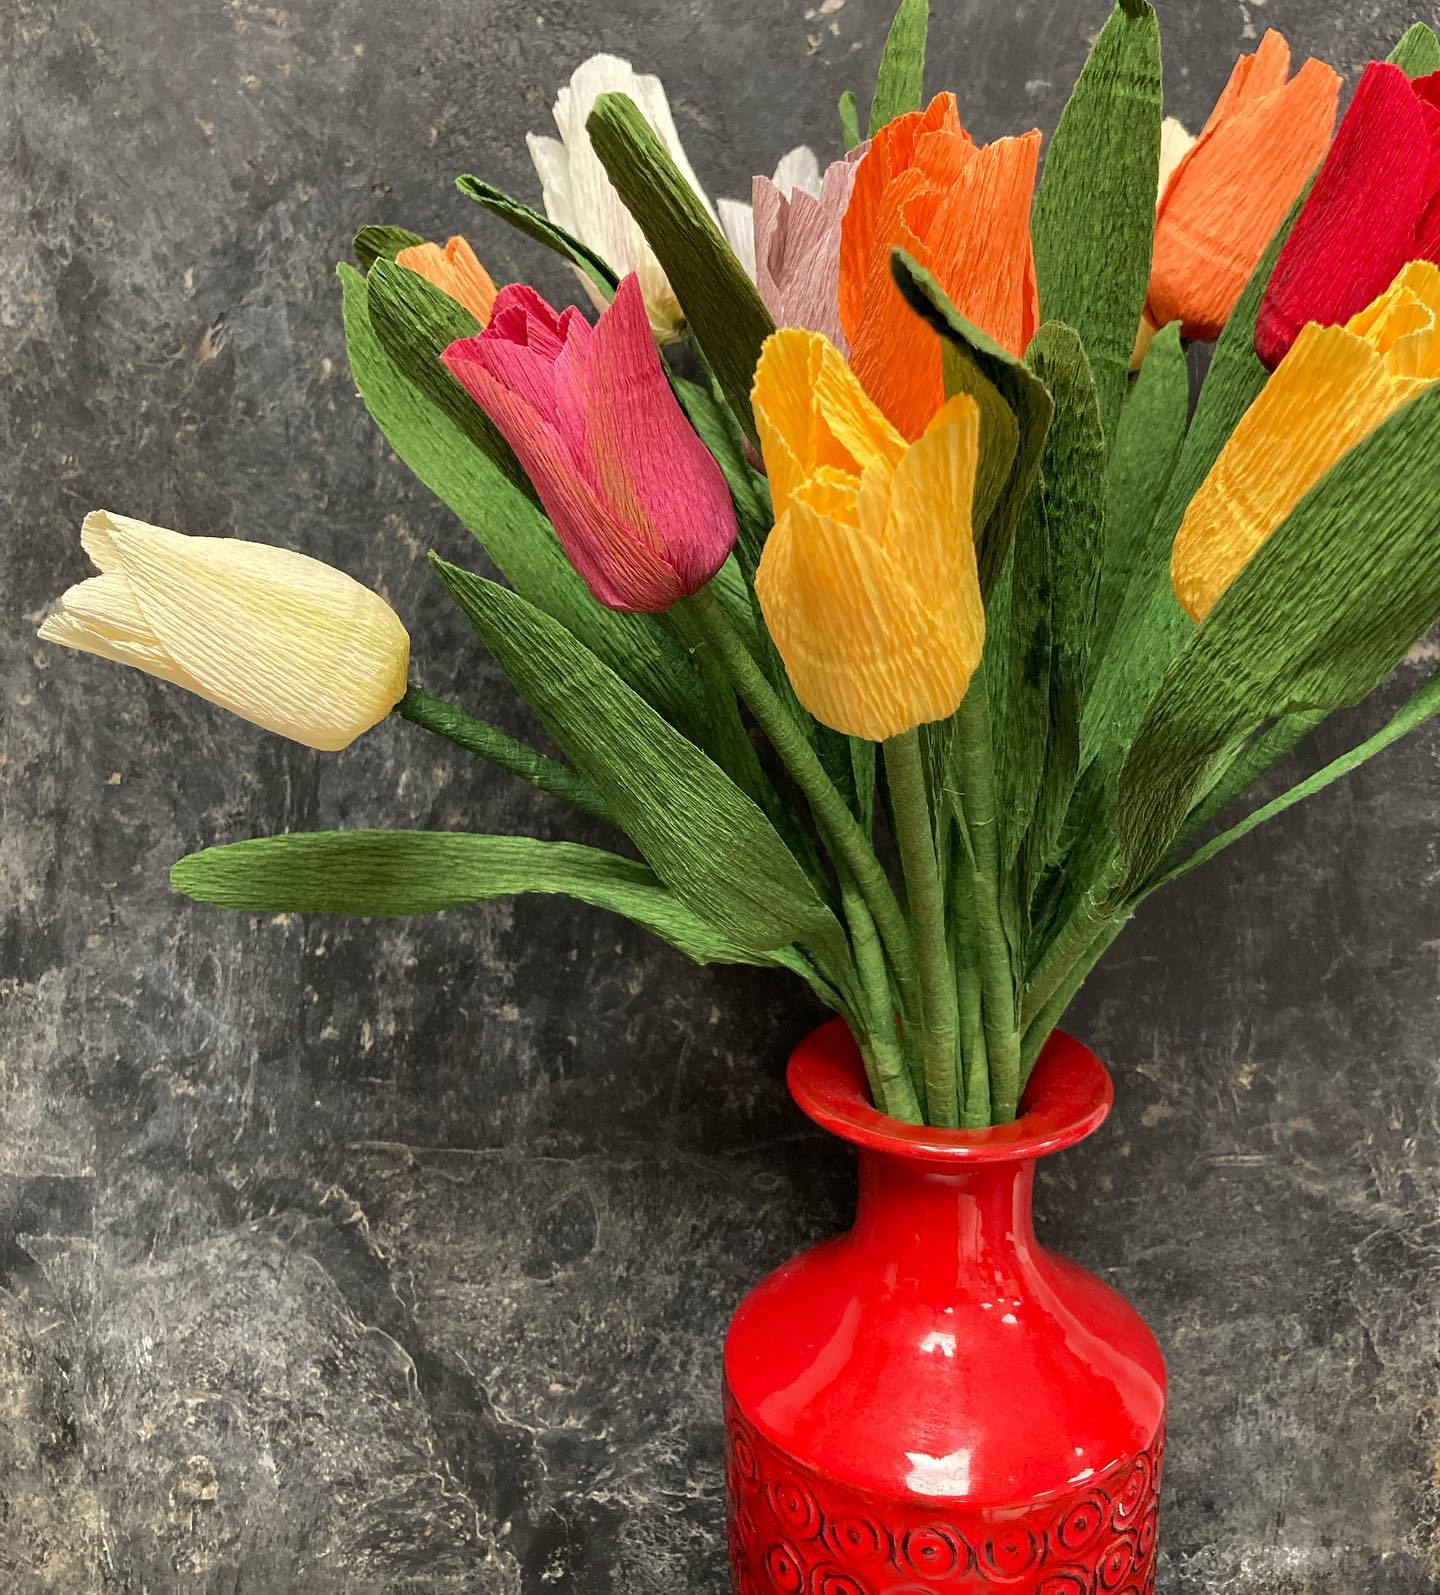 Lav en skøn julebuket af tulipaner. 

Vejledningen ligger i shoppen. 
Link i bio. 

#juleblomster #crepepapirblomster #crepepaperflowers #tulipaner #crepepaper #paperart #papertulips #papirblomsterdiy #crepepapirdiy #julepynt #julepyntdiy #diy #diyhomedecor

++++

Nothing but the listing, copied exactly and stripped of its images, should appear in the response.

> Response to this task:
 Lav en skøn julebuket af tulipaner. 

Vejledningen ligger i shoppen. 
Link i bio. 

#juleblomster #crepepapirblomster #crepepaperflowers #tulipaner #crepepaper #paperart #papertulips #papirblomsterdiy #crepepapirdiy #julepynt #julepyntdiy #diy #diyhomedecor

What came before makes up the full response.